Leaving out all pictures, write down exactly the lines from the one containing "Inbox change" through the last line of the material.

Start of Data excerpt

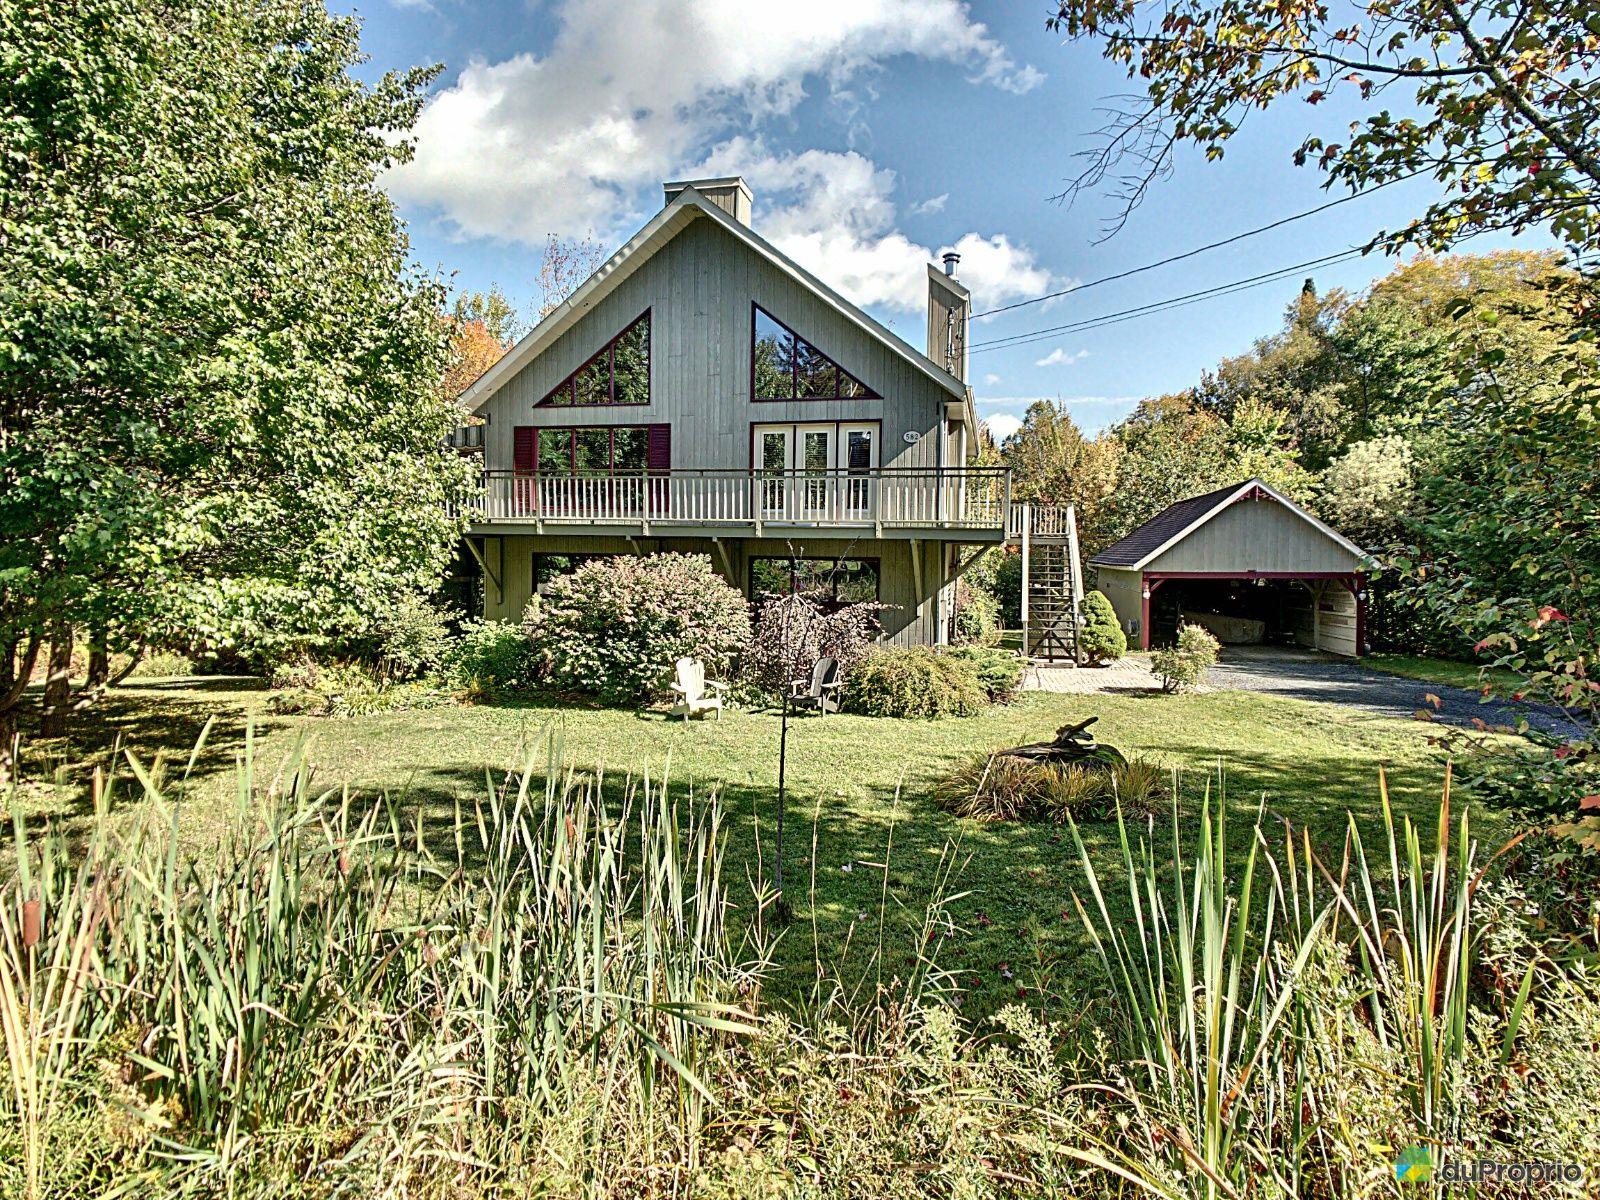 582 chemin Jackrabbit, Piedmont for sale
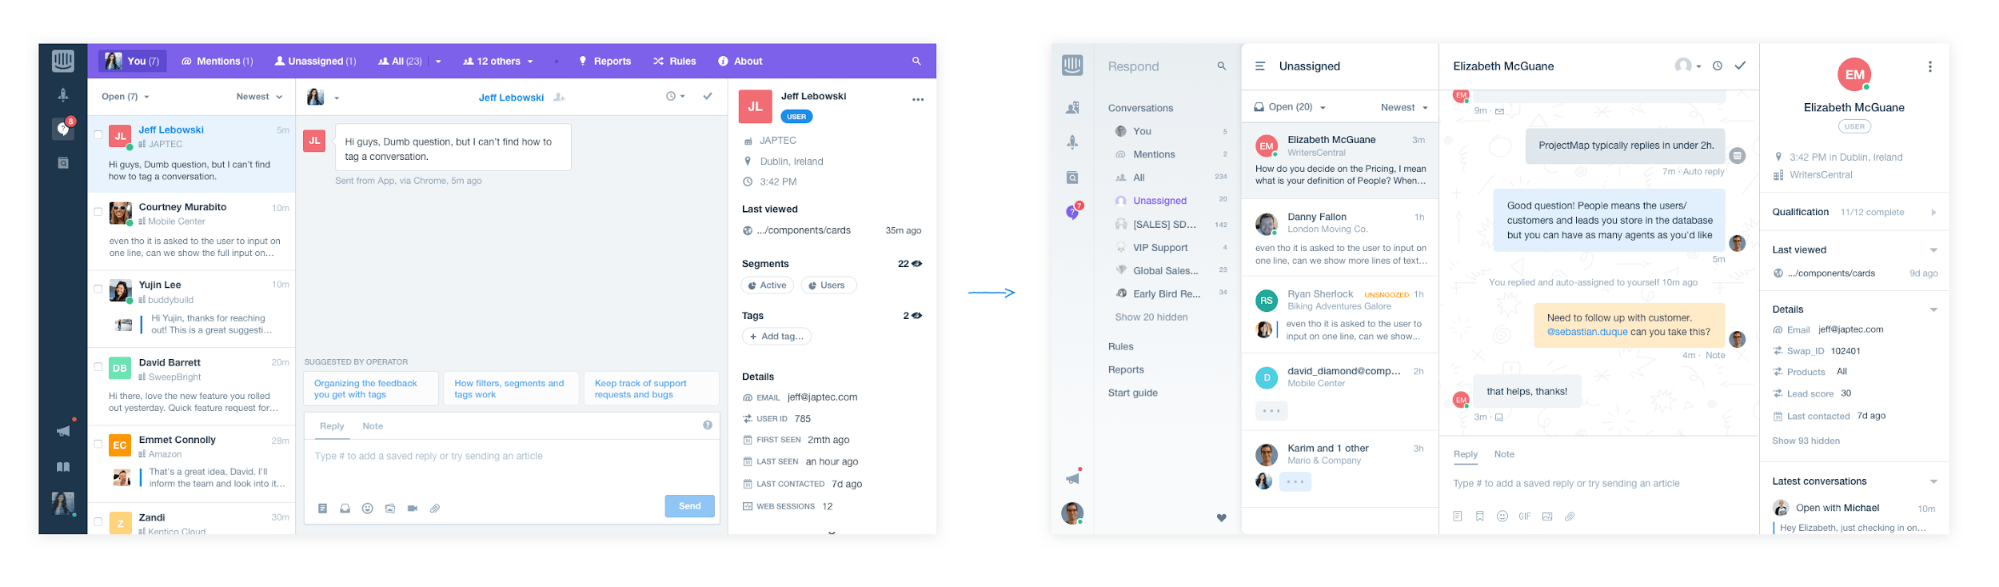 Inbox change
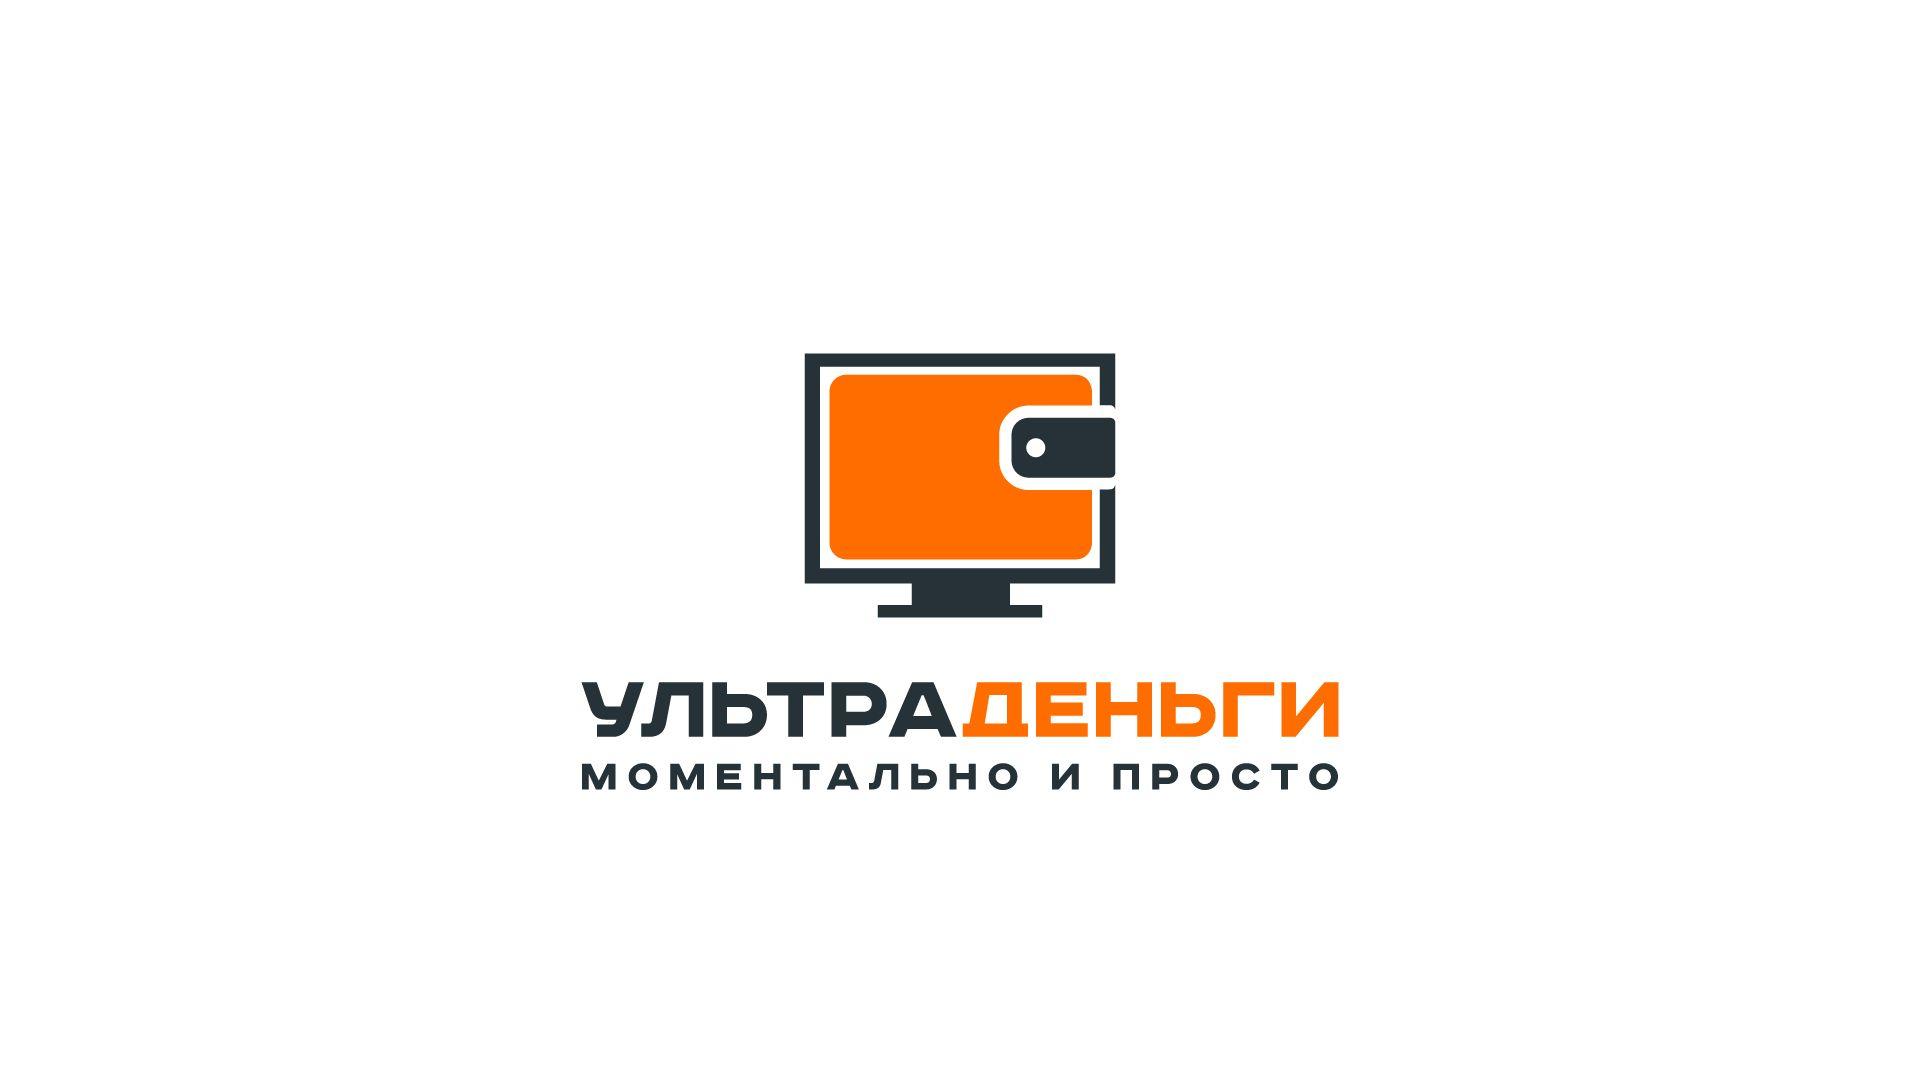 Логотип для сайта МФО ultra-dengi.ru - дизайнер Advokat72

End of Data excerpt

#### [Exercise answer]
 Inbox change
 Логотип для сайта МФО ultra-dengi.ru - дизайнер Advokat72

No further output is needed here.